= WHAT NEEDS TO BE DONE =
With both ends included, transcribe exactly the records below from their first line to the line that contains "Samsung HWE550 Speaker System User Manual".

= DATA TO PROCESS =
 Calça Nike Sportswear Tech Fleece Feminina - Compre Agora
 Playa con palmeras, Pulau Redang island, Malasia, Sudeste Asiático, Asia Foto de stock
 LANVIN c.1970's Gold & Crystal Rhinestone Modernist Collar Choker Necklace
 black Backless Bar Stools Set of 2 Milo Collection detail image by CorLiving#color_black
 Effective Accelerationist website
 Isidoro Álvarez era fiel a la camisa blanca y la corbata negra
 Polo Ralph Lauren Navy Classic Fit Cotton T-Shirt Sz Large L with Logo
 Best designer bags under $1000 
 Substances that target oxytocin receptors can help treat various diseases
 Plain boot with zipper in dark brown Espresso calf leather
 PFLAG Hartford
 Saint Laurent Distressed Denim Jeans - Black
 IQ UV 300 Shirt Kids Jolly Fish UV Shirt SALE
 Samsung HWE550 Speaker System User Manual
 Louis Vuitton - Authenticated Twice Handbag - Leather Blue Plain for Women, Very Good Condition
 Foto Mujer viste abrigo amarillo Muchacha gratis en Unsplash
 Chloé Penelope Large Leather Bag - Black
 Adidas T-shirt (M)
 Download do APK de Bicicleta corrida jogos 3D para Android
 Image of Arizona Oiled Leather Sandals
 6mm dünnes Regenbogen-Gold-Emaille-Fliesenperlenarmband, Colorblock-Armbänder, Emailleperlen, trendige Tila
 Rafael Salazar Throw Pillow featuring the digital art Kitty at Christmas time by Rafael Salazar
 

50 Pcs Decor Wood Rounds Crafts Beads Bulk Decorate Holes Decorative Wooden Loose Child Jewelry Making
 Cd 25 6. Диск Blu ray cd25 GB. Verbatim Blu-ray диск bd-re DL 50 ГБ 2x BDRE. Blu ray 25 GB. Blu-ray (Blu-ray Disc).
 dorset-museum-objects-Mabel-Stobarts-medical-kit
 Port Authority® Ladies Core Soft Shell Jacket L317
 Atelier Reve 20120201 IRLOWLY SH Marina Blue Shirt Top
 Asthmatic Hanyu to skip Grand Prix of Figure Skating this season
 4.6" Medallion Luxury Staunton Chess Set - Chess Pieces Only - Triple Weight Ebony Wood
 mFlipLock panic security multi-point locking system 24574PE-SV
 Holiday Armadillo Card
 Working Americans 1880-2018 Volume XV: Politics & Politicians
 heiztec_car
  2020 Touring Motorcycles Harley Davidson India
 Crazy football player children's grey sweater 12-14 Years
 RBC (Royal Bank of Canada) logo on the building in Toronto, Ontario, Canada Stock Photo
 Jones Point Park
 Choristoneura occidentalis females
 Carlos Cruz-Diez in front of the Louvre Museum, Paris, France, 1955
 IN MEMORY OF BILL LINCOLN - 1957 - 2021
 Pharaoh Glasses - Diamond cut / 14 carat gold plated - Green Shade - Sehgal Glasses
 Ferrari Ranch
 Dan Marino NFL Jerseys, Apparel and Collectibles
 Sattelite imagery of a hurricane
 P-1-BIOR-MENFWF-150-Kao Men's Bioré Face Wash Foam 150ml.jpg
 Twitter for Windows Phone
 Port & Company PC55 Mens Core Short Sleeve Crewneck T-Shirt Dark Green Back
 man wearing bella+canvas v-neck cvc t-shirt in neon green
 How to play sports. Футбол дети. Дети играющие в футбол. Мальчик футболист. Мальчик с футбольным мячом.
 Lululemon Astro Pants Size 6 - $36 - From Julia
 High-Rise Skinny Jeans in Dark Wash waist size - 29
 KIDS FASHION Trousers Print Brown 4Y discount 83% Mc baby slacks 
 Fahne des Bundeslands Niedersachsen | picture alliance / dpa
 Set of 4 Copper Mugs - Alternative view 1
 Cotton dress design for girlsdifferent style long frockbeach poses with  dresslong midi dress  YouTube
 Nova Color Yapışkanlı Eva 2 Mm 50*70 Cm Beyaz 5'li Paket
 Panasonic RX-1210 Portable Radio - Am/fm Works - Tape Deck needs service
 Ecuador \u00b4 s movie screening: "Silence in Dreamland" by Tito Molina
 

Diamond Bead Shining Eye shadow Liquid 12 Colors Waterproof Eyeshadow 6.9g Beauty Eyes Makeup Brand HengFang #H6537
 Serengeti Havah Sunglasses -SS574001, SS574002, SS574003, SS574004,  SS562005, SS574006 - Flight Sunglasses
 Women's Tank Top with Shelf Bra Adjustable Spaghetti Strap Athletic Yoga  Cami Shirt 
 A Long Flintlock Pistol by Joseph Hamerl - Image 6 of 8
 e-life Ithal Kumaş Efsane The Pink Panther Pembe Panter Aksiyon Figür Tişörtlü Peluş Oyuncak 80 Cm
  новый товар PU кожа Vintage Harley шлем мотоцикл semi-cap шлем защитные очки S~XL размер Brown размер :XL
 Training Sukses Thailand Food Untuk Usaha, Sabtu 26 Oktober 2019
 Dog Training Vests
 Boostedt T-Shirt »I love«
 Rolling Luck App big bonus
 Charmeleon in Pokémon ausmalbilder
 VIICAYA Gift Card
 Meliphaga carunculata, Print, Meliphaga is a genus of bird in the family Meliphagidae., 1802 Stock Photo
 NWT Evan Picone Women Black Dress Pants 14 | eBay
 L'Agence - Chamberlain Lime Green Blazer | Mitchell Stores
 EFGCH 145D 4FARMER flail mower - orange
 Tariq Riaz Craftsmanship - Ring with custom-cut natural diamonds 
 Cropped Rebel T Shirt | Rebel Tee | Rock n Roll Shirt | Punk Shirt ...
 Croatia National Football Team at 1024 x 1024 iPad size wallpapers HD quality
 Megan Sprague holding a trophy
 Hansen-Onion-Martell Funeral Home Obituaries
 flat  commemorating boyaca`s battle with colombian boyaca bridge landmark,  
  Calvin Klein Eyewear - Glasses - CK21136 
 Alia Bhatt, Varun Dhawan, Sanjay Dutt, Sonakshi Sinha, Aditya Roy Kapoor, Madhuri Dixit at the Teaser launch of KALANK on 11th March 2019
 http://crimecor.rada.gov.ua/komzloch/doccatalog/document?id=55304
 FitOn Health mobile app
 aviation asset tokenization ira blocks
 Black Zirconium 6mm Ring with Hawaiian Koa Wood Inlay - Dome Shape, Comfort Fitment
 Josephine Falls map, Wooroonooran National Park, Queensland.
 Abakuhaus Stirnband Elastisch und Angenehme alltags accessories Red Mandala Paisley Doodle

= REPLY TO THE EXERCISE =
 Calça Nike Sportswear Tech Fleece Feminina - Compre Agora
 Playa con palmeras, Pulau Redang island, Malasia, Sudeste Asiático, Asia Foto de stock
 LANVIN c.1970's Gold & Crystal Rhinestone Modernist Collar Choker Necklace
 black Backless Bar Stools Set of 2 Milo Collection detail image by CorLiving#color_black
 Effective Accelerationist website
 Isidoro Álvarez era fiel a la camisa blanca y la corbata negra
 Polo Ralph Lauren Navy Classic Fit Cotton T-Shirt Sz Large L with Logo
 Best designer bags under $1000 
 Substances that target oxytocin receptors can help treat various diseases
 Plain boot with zipper in dark brown Espresso calf leather
 PFLAG Hartford
 Saint Laurent Distressed Denim Jeans - Black
 IQ UV 300 Shirt Kids Jolly Fish UV Shirt SALE
 Samsung HWE550 Speaker System User Manual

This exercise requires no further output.